The monkey started on the element with the attribute id='104', climbed up a level, jumped to the previous element, climbed down to the second child element, found a <name> whose style attribute was not set to 'latin', and hopped on the child of that element, which happened to be the text node with the value Poison Sumac.

We have just seen how to use XPath expressions to locate and return a set of nodes. The implementation we are about to see is even more powerful. XML::Twig, an ingenious module by Michel Rodriguez, is quite Perlish in the way it uses XPath expressions. It uses a hash to map them to subroutines, so you can have functions called automatically for certain types of nodes.

The program in Example 8-8 shows how this works. When you initialize the XML::Twig object, you can set a bunch of handlers in a hash, where the keys are XPath expressions. During the parsing stage, as the tree is built, these handlers are called for appropriate nodes.

As you look at Example 8-8, you'll notice that at-sign (@) characters are escaped. This is because @ can cause a little confusion with XPath expressions living in a Perl context. In XPath, @foo refers to an attribute named foo, not an array named foo. Keep this distinction in mind when going over the XPath examples in this book and when writing your own XPath for Perl to use -- you must escape the @ characters so Perl doesn't try to interpolate arrays in the middle of your expressions.

If your code does so much work with Perl arrays and XPath attribute references that it's unclear which @ characters are which, consider referring to attributes in longhand, using the "attribute" XPath axis: attribute::foo. This raises the issue of the double colon and its different meanings in Perl and XPath.
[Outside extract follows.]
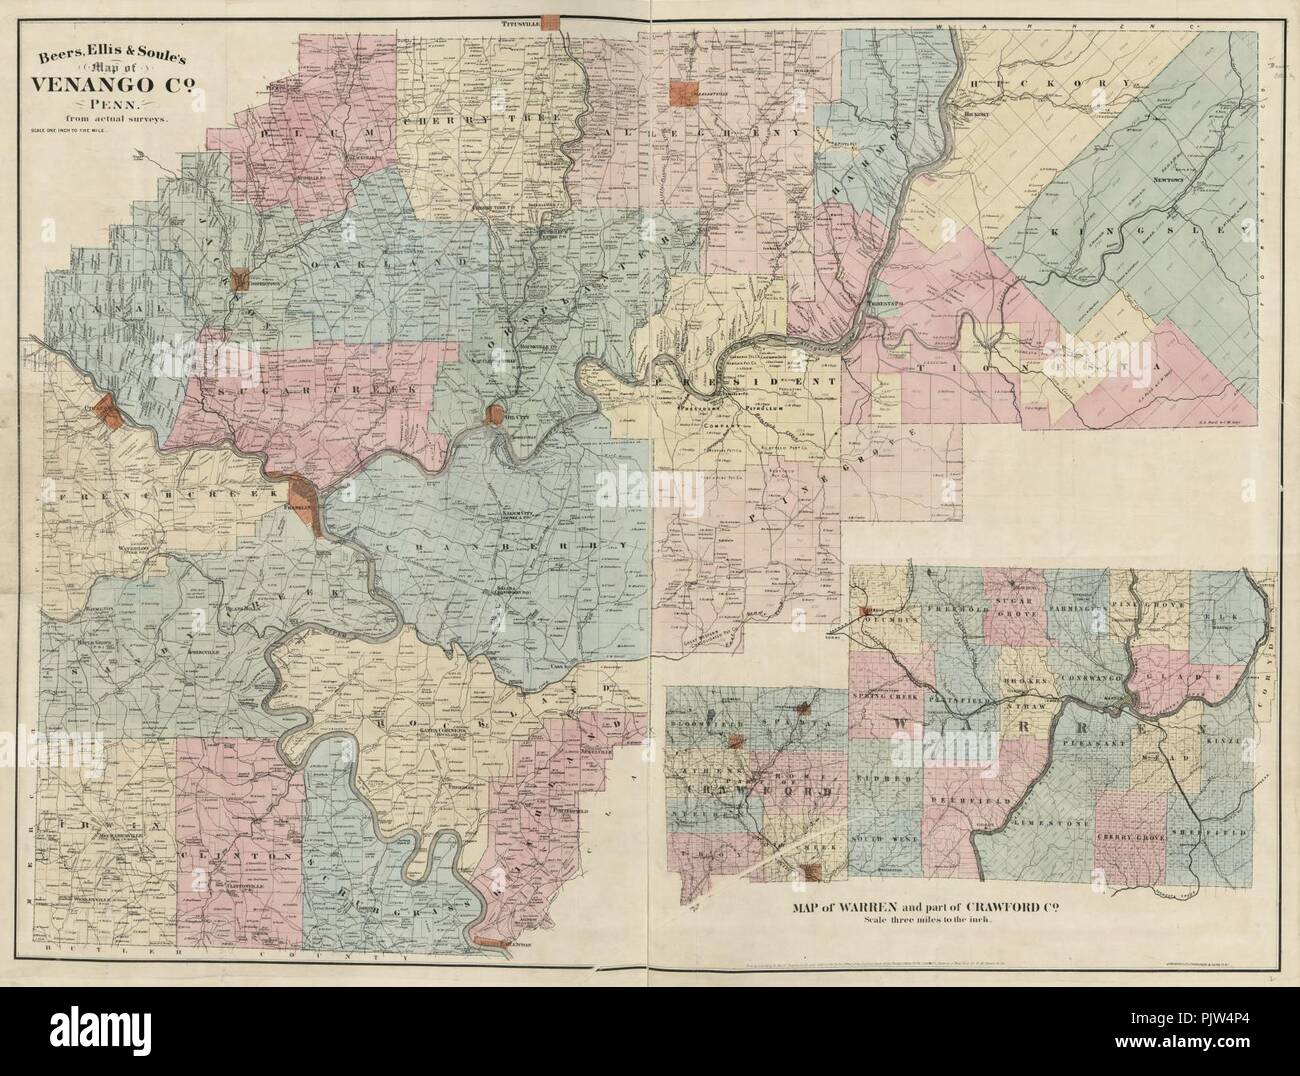 Beers, Ellis & Soule's map of Venango Co., Penn. - from actual surveys. Stock Photo

Since XPath has only a few hardcoded axes, however, and they're always expressed in lowercase, they're easier to tell apart at a glance.

Example 8-8. How twig handlers work

use XML::Twig;

# buffers for holding text
my $catbuf = '';
my $itembuf = '';

# initialize parser with handlers for node processing
my $twig = new XML::Twig( TwigHandlers => { 
                             "/inventory/category"    => \&category,
                             "name[\@style='latin']"  => \&latin_name,
                             "name[\@style='common']" => \&common_name,
                             "category/item"          => \&item,
                                          });

# parse, handling nodes on the way
$twig->parsefile( shift @ARGV );

# handle a category element
sub category {
  my( $tree, $elem ) = @_;
  print "CATEGORY: ", $elem->att( 'type' ), "\n\n", $catbuf;
  $catbuf = '';
}

# handle an item element
sub item {
  my( $tree, $elem ) = @_;
  $catbuf .= "Item: " . $elem->att( 'id' ) . "\n" . $itembuf . "\n";
  $itembuf = '';
}

# handle a latin name
sub latin_name {
  my( $tree, $elem ) = @_;
  $itembuf .= "Latin name: " . $elem->text . "\n";
}

# handle a common name
sub common_name {
  my( $tree, $elem ) = @_;
  $itembuf .= "Common name: " . $elem->text . "\n";
}

Our program takes a datafile like the one shown in Example 8-7 and outputs a summary report. Note that since a handler is called only after an element is completely built, the overall order of handler calls may not be what you expect. The handlers for children are called before their parent. For that reason, we need to buffer their output and sort it out at the appropriate time.

The result comes out like this:

CATEGORY: tree

Item: 284
Latin name: Carya glabra
Common name: Pignut Hickory

Item: 222
Latin name: Toxicodendron vernix
Common name: Poison Sumac

CATEGORY: shrub

Item: 210
Latin name: Cornus racemosa
Common name: Gray Dogwood

Item: 104
Latin name: Alnus rugosa
Common name: Speckled Alder

XPath makes the task of locating nodes in a document and describing types of nodes for processing ridiculously simple. It cuts down on the amount of code you have to write because climbing around the tree to sample different parts is all taken care of. It's easier to read than code too. We're happy with it, and because it is a standard, we'll be seeing more uses for it in many modules to come.